Aill na Cronain (; Cronan's cliff) is an inland west-facing limestone crag in The Burren in County Clare, Ireland.  It is popular with novice rock climbers due to the number of short single-pitch 10–20 metre rock climbing routes in the S to HS rock climbing grades.  It is beside the Aillwee Caves.

Rock climbing

The crag is accessed by a 10–minute walk northwards from the upper car-park of the Ailwee Cave attraction (see map below).  The crag is on private property but rock climbing has been allowed since the early 1970s, with the earliest recorded rock climbing routes dating from circa 1971.  The UKClimbing online logbook notes that: "Skull slab is probably one of the best VDiffs you'll find in the country".  Aill na Cronain is also listed in Ireland's Adventure Bucket List, which says that: "If you are just starting out [rock climbing], one of the best spots to visit is Aill na Cronain, just beside the Ailwee Cave".

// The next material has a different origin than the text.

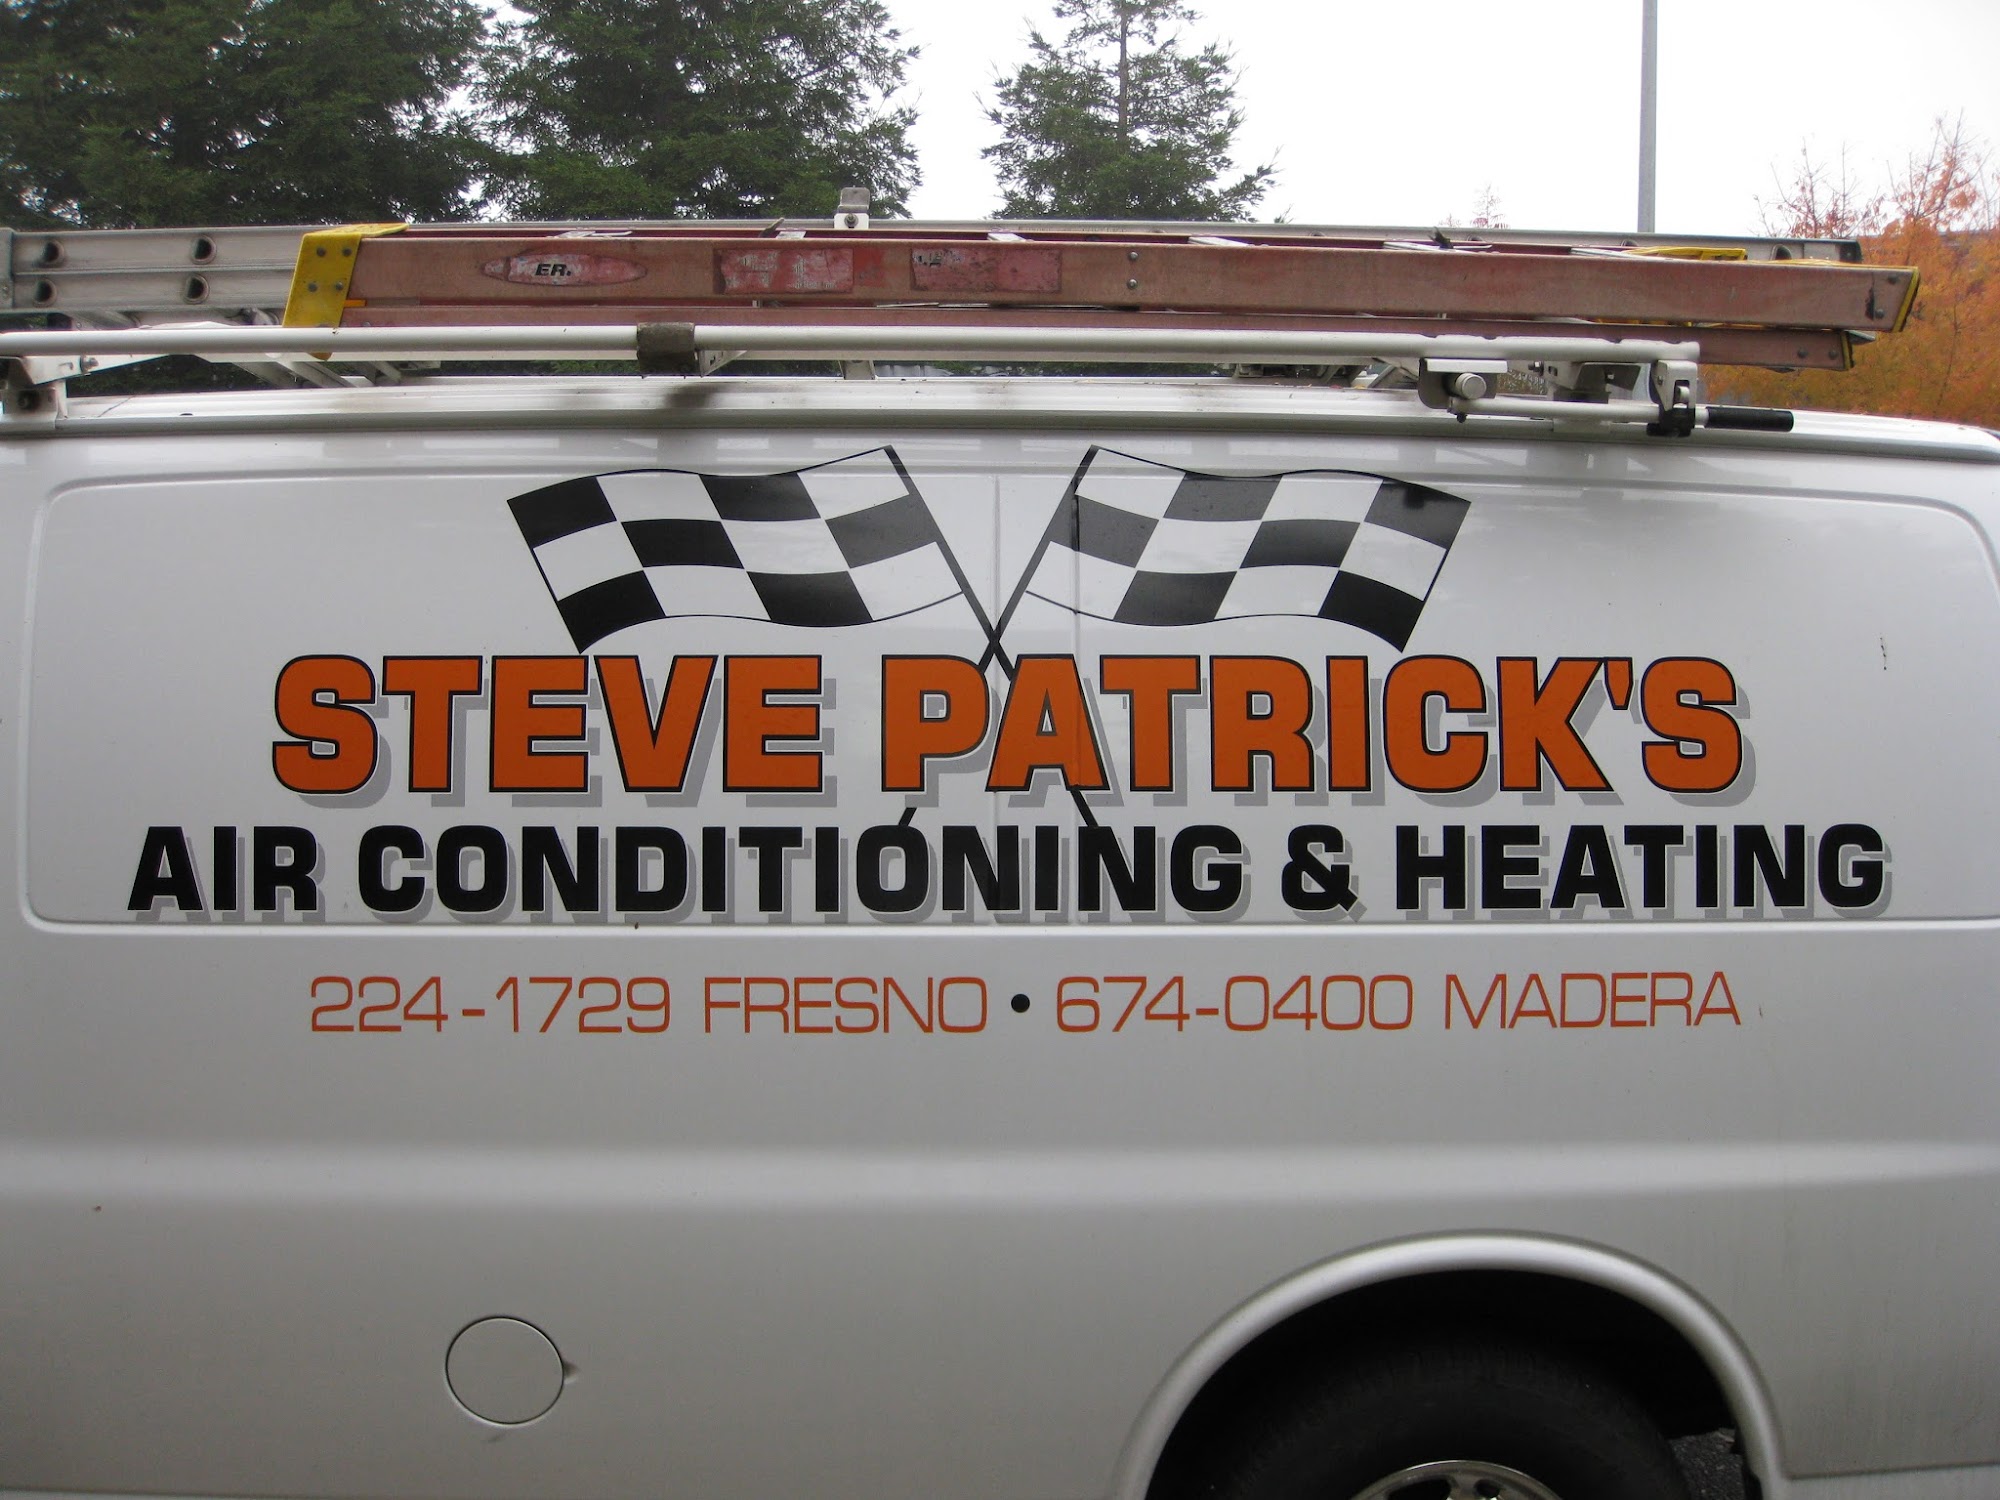 Steve Patrick Air Conditioning & Heating

In terms of layout, the centre of Aill na Cronain is the "Skull Buttress" which has a distinctive skull–appearance when viewed from a distance. Its "nose" contains the flat Skull Slab VD–grade climb.  The "East Side" face, and "Far East Side" face, lie to the north of Skull Buttress.  The "Butterfly" face, and the "Small Wall" face lie to its south.  While most routes are between S and HS, more challenging routes have been put up on the "Skull Buttress" such as Raven (E3 6a), Monkey Business (E2 5c), and Sunbane (E1 5c).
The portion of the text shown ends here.